Using sudo - for the layman

Are you tired of becoming the root user just to perform updates? Well, you don't have to. Using sudo, you can perform all those restricted tasks without having to be the super user.

To do this, one has to edit the sudoers file.

The configuration of sudo is in /etc/sudoers. sudo is a setuid binary. Since sudo is owned by root, your effective id becomes root.

To edit the sudoers file, log on as root and change to /etc and:


[root@localhost etc]# visudo


This prevents multiple users from editing the same file at the same time because that would make things rather messy, don't you think?

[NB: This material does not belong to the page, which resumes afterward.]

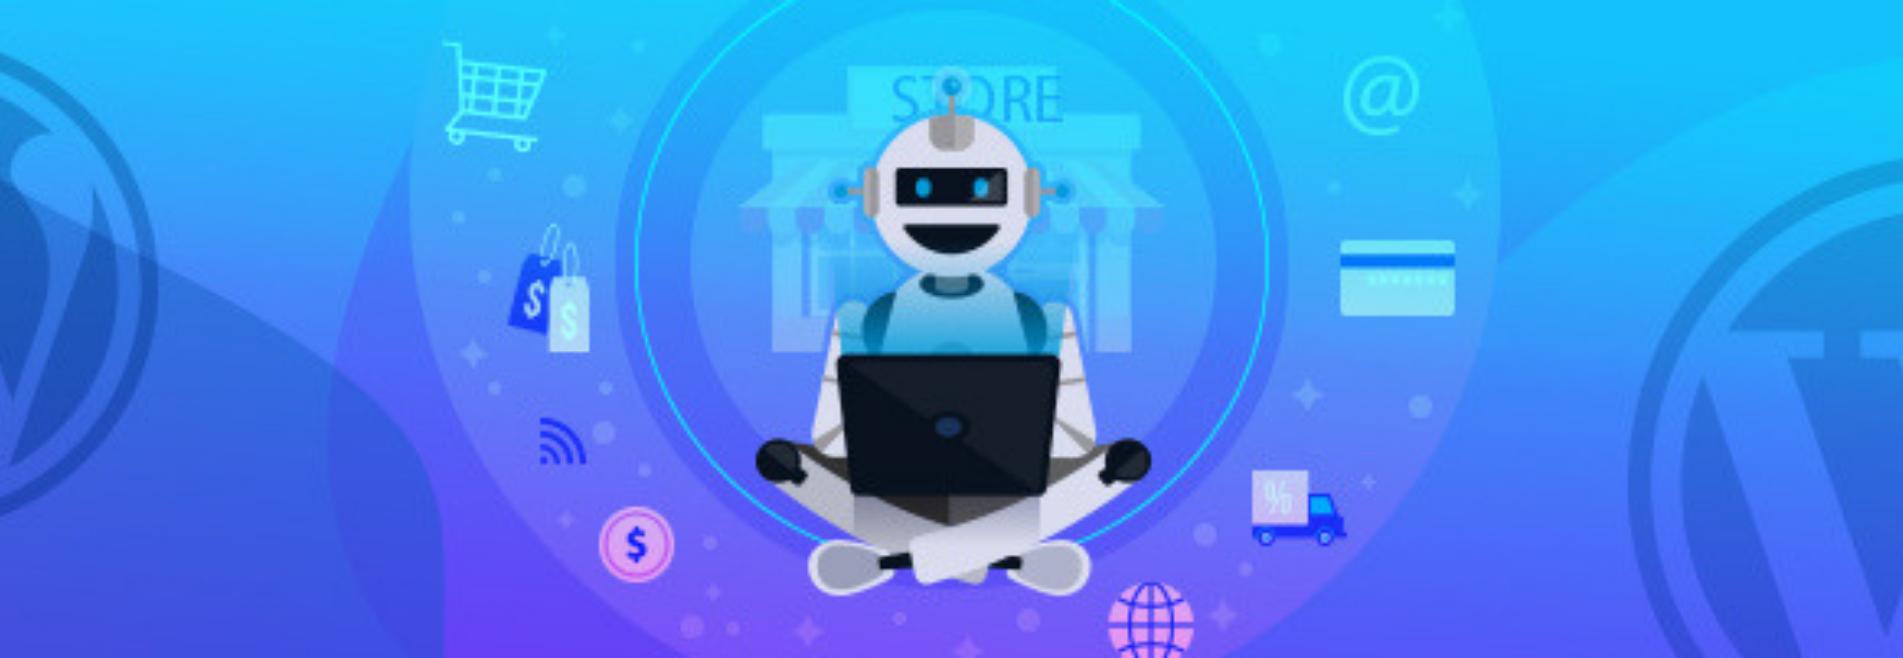 La Inteligencia Artificial permite a los especialistas en marketing brindar una experiencia única a los clientes para que se sientan más conectados, más valorados y más comprendidos.

Anyway, if you want to give yourself full permission to perform root tasks, edit the file as follows:


...
# User privilege specification
root ALL=(ALL) ALL
zubin ALL=(ALL)
...


Note that doing this does not give "zubin" root's PATH. If I want to run lpc, I'd have to do:


[zubin@localhost ~]$ sudo /usr/sbin/lpc


In this case, I'd have to provide my own login password to get sudo to work. sudo remembers the password for 5 minutes by default.

Now, if we modify the file like this:


...
# Defaults specification
Defaults:zubin timestamp_timeout=0, runaspw, passwd_tries=1
...


This means that the password will not be remembered. Setting it to -1 means that it will never be forgotten. The "runaspw" means that the user needs to have root's password to run sudo. "passwd_tries=1" means that zubin only gets one shot at getting the password correct. In general, many users can be added, each having a different default. If there is no ":" after Defaults, it is assumed to be global.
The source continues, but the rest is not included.